As I combed Barbie’s hair, the story I gave her began to bring her to life. The more life I gave Barbie, the safer I felt in the world I was creating for her––for us. I was still feeling on edge from the last time I had gotten caught playing with dolls.
“Cual quierres? Which one do you want? The pink one?” My mother yelled as she threw my sister’s dresses at me. “You’re a boy! Boys don’t play with dolls! You want me to send you to school in this one!” Mommy Dearest continued, smacking me across the face with another dress as my sister watched, hiding behind a pillow. Crying.
“No!” I begged.
She thought she could scare the femininity out of me by threatening embarrassment. What she didn’t realize was that sending me to school in a dress would end me. The boys at school were beating me up. Teasing me for having a soft voice and hanging around with girls. I couldn’t imagine what would happen to me if I showed up in a dress.
—
“She’s a model. And Ken’s an actor,” I said. “But he cheated on Barbie with a co-star, Christie, so now my Barbie will murder them.” My stories always ended with someone getting murdered, usually being telenovela-slapped off a chest of drawers imagined as the Empire State Building.
“What do you think about her hair? She just got out of the salon,” Monica said, twirling her Barbie displaying every angle of her off-center ponytail.
“It’s beautiful,” I lied. “What do you think about…” Fear instantly flooded my body. We forgot to lock the door. I threw the Barbie, but it was already too late. Uncle Manny walked in and made the face of someone accidentally walking into an occupied dressing room. My heart pounded against my chest. I was sure he would yell at me and forbid me to come over again. Who wouldn’t? Only weird boys play with toys meant for girls.

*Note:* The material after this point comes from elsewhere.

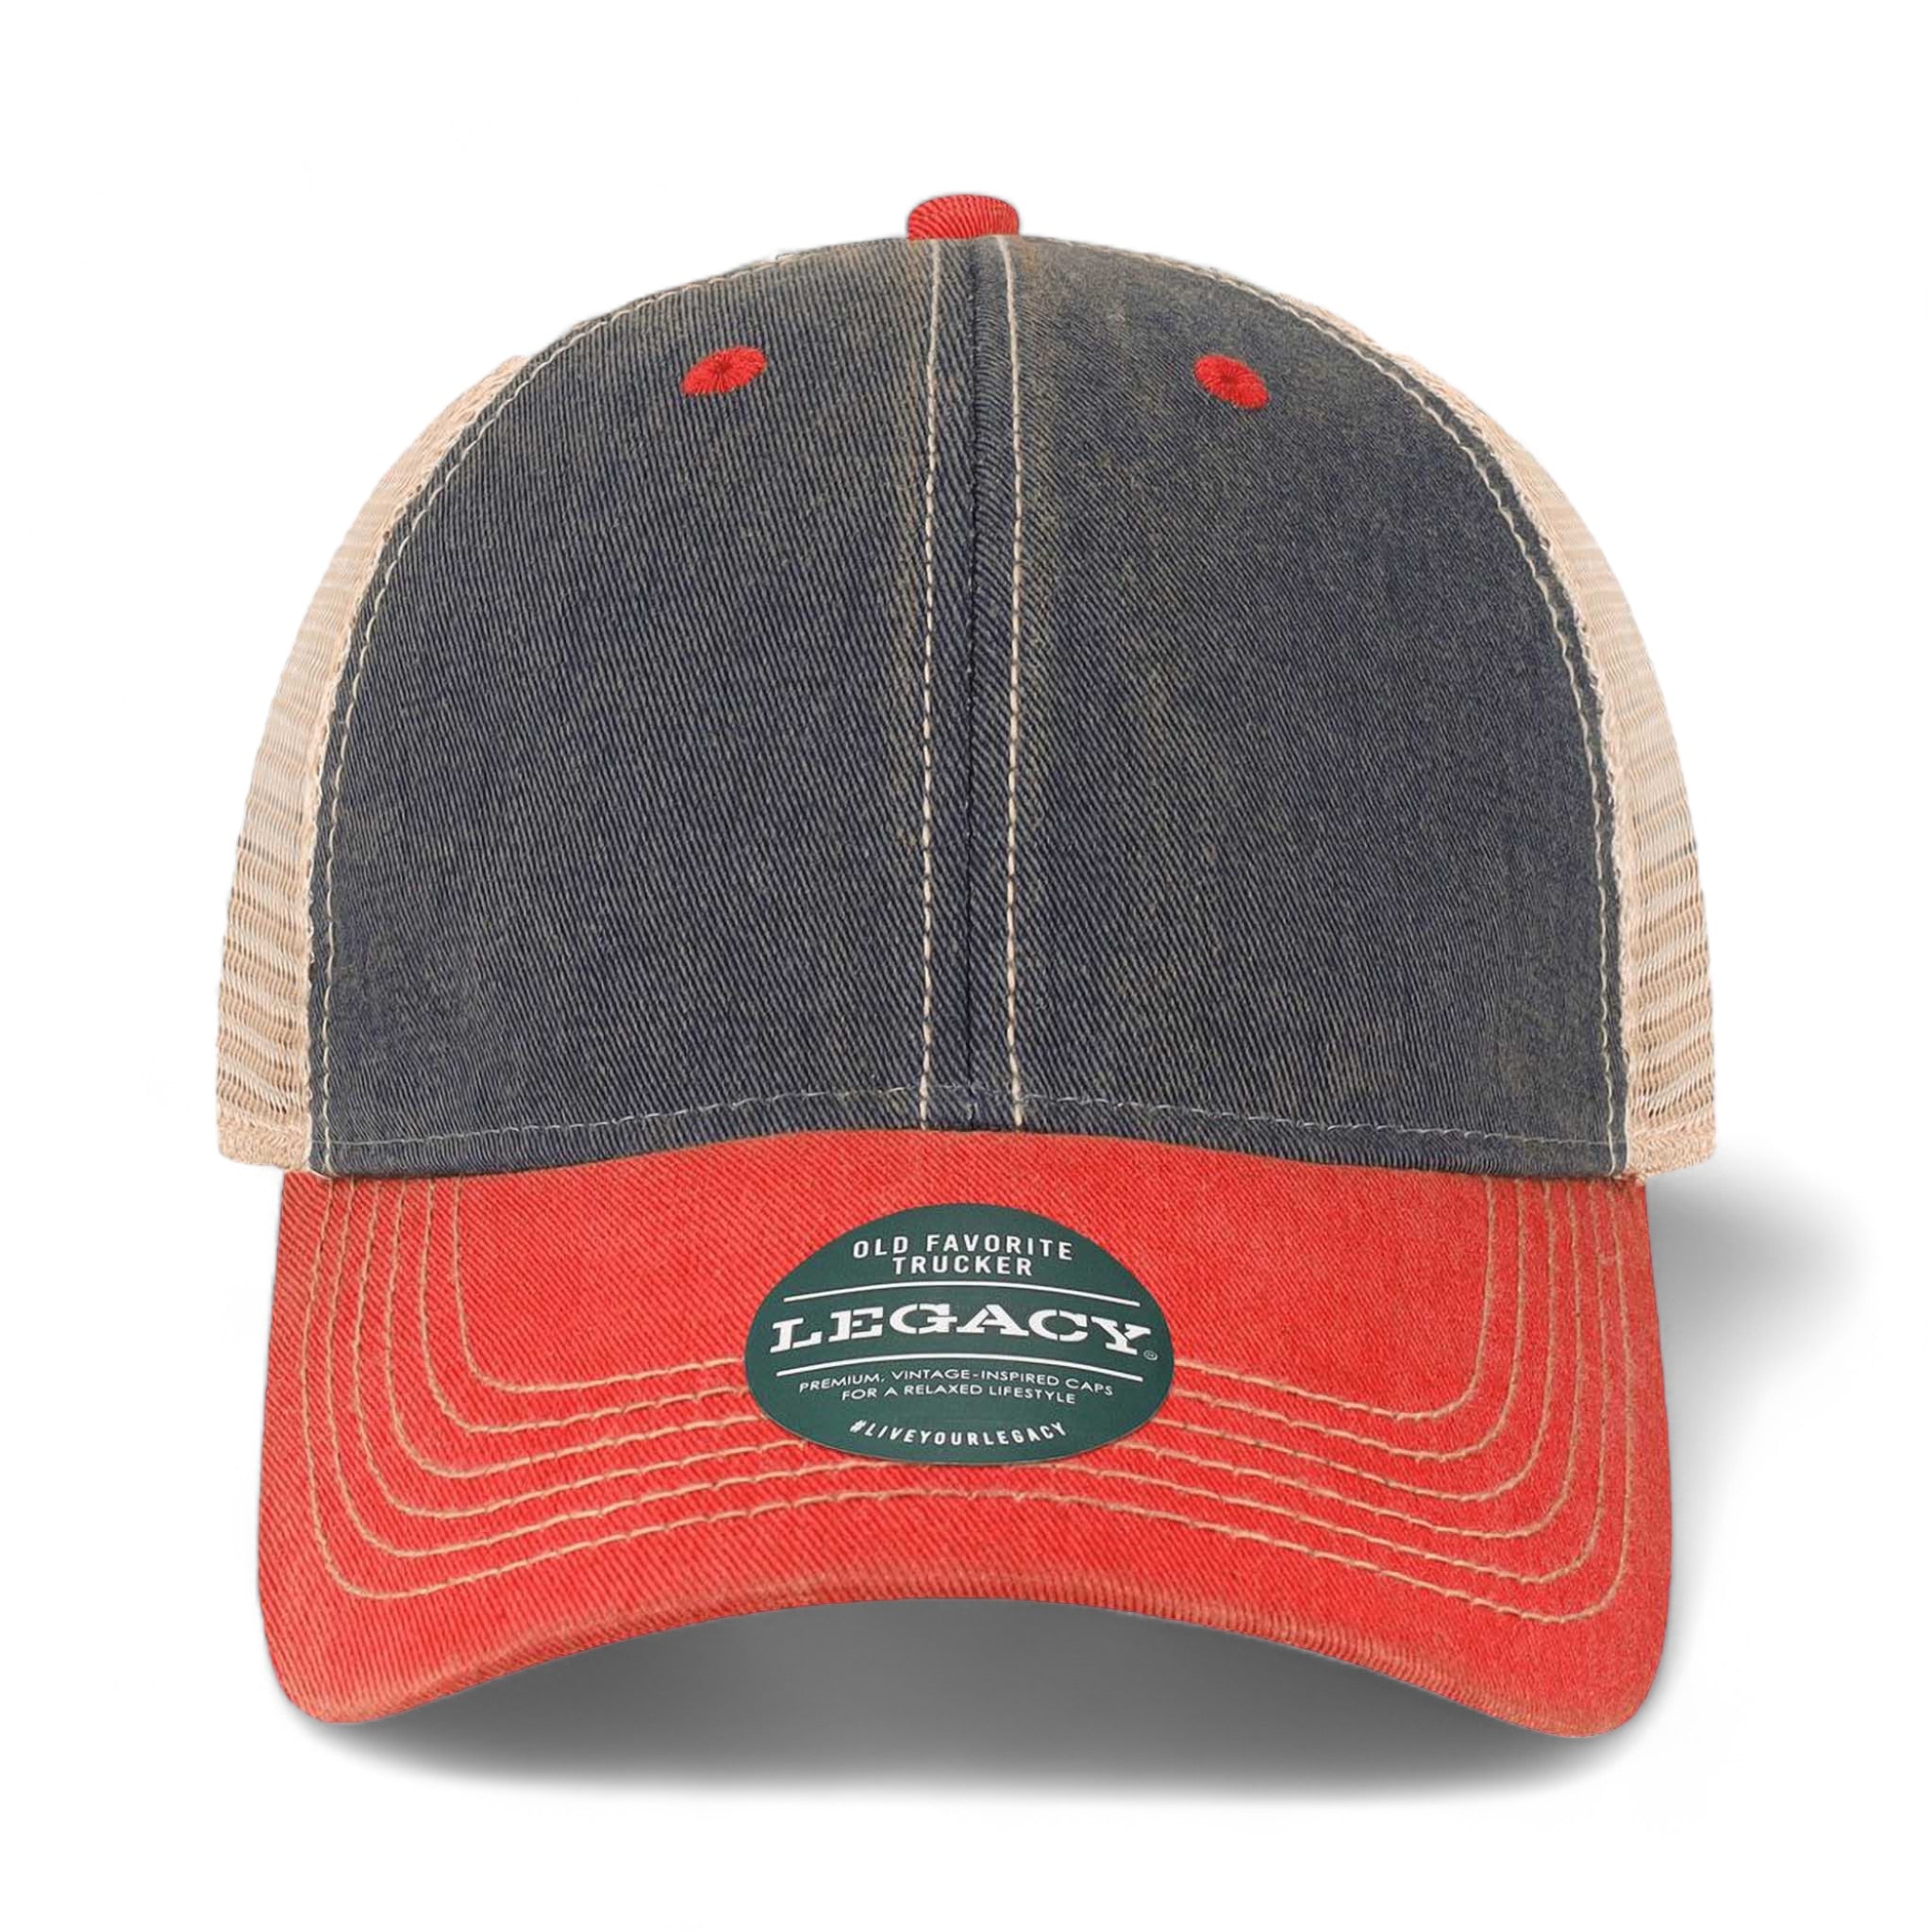 Front view of LEGACY OFAY custom hat in navy, scarlet red and khaki

He slowly entered the room, closed the door behind him, and locked it. I closed my eyes, waiting for my punishment. I felt him walk past me, opened my eyes, and saw him pick up the Barbie I had thrown across the room, now, lying face down on the floor, missing a boot. He handed her to me. He sat on the floor, picked up a brush, and recently murdered Christie. As he began to brush her hair, he asked me in his soft voice, “What’s your Barbie going to wear to the party tonight, Nachito?”
I looked over at Monica. “He plays with us all the time,” she said, assuring me it was okay. I watched while Uncle Manny played with Christie––a big, tall man with a soft voice brushing a doll’s hair. He smiled at me, confirming what Monica had assured. That with them, I was safe.

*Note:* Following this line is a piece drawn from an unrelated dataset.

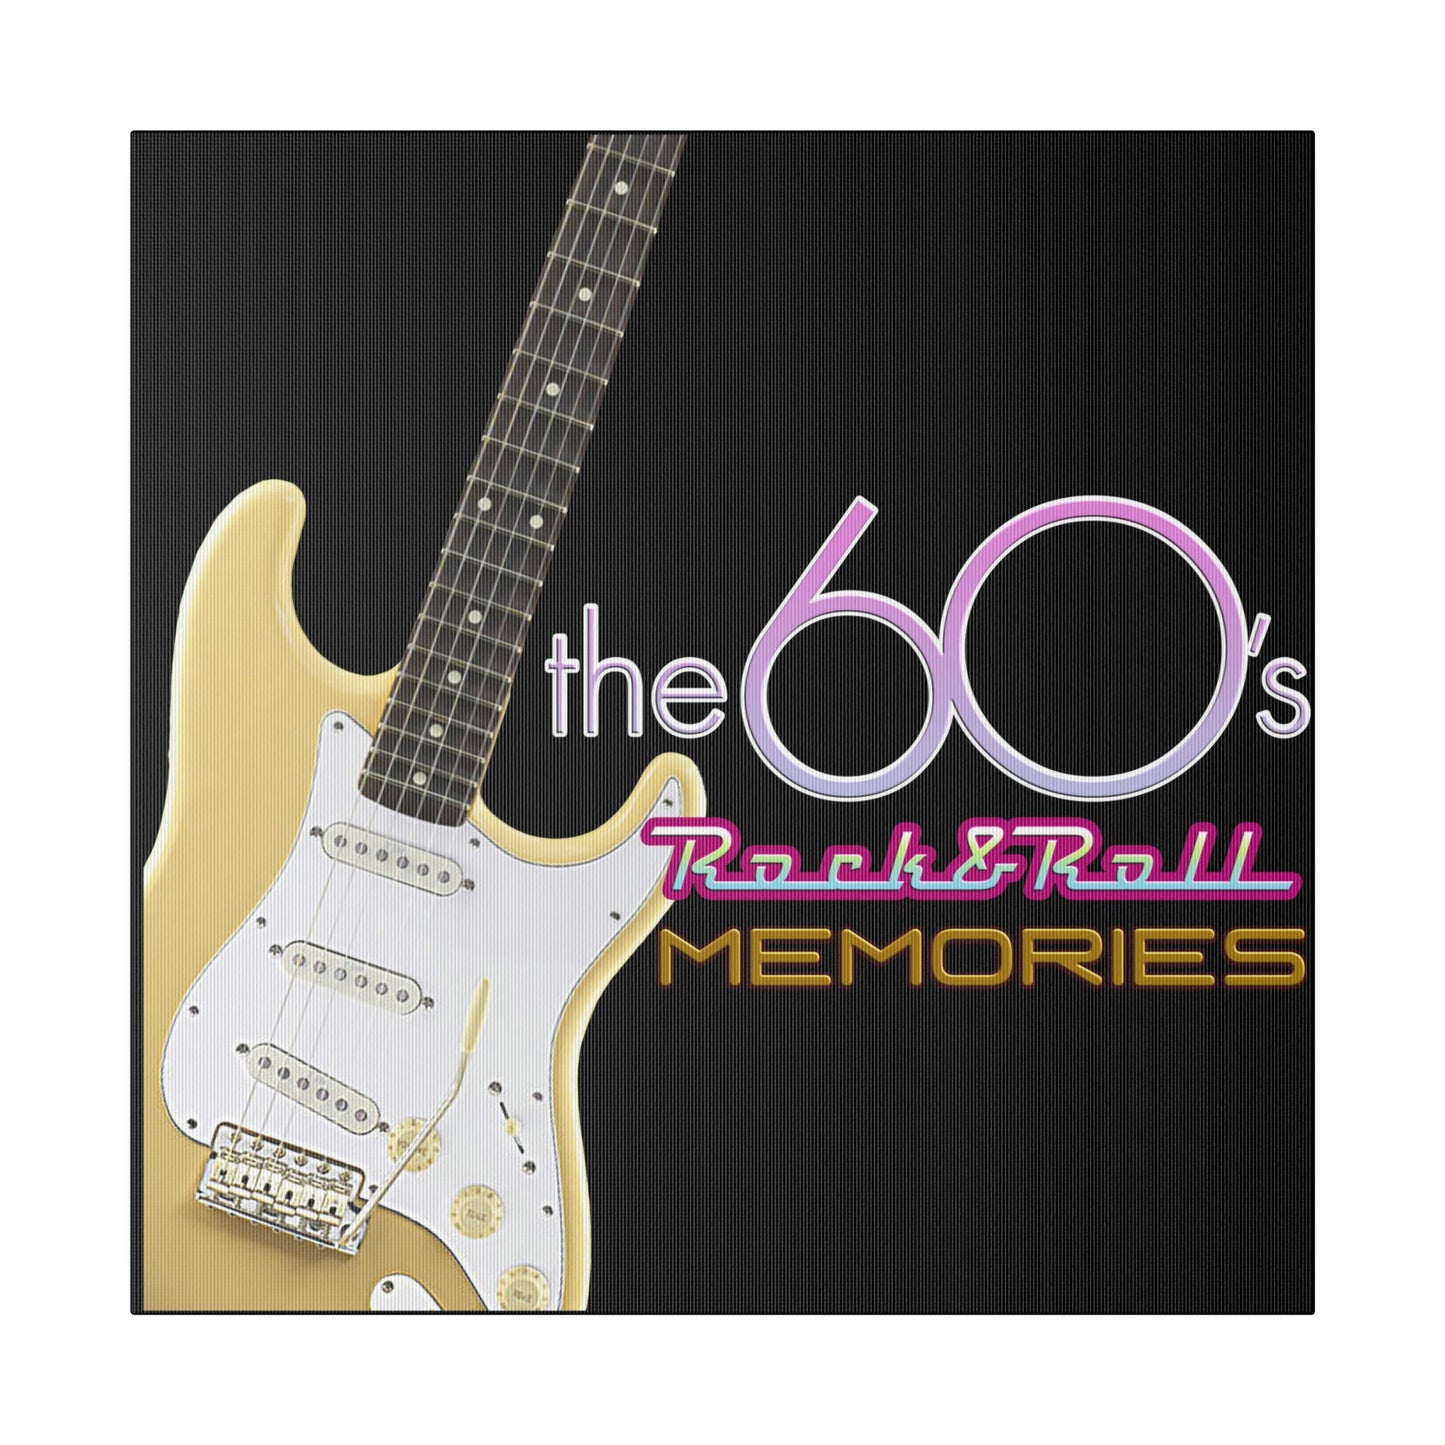 60's Rock and Roll Memories Graphic on Canvas

When we finally learn to accept that our parents did their best with the tools they were given by God or the Universe, their parents or Grandparents, or even YouTube, it’s easier to move through the shame. I think that’s true for everyone. The wrong tools, I imagine, are dumped into our own unorganized toolboxes in the form of shame, rejection, and fear that we then have to dig through or discard as we experience our own lives. Mom, before the screw was stripped too far, eventually figured out the proper tool to use. I like to think that somewhere along the way, had he survived the accident, my dad would have been given that Allen wrench. At Uncle Manny’s funeral, I told Monica that her dad was the first person in my life that made me feel accepted and that I belonged.
“How did he do that?” she asked.
I smiled, held her hand, and said, “he played with dolls.”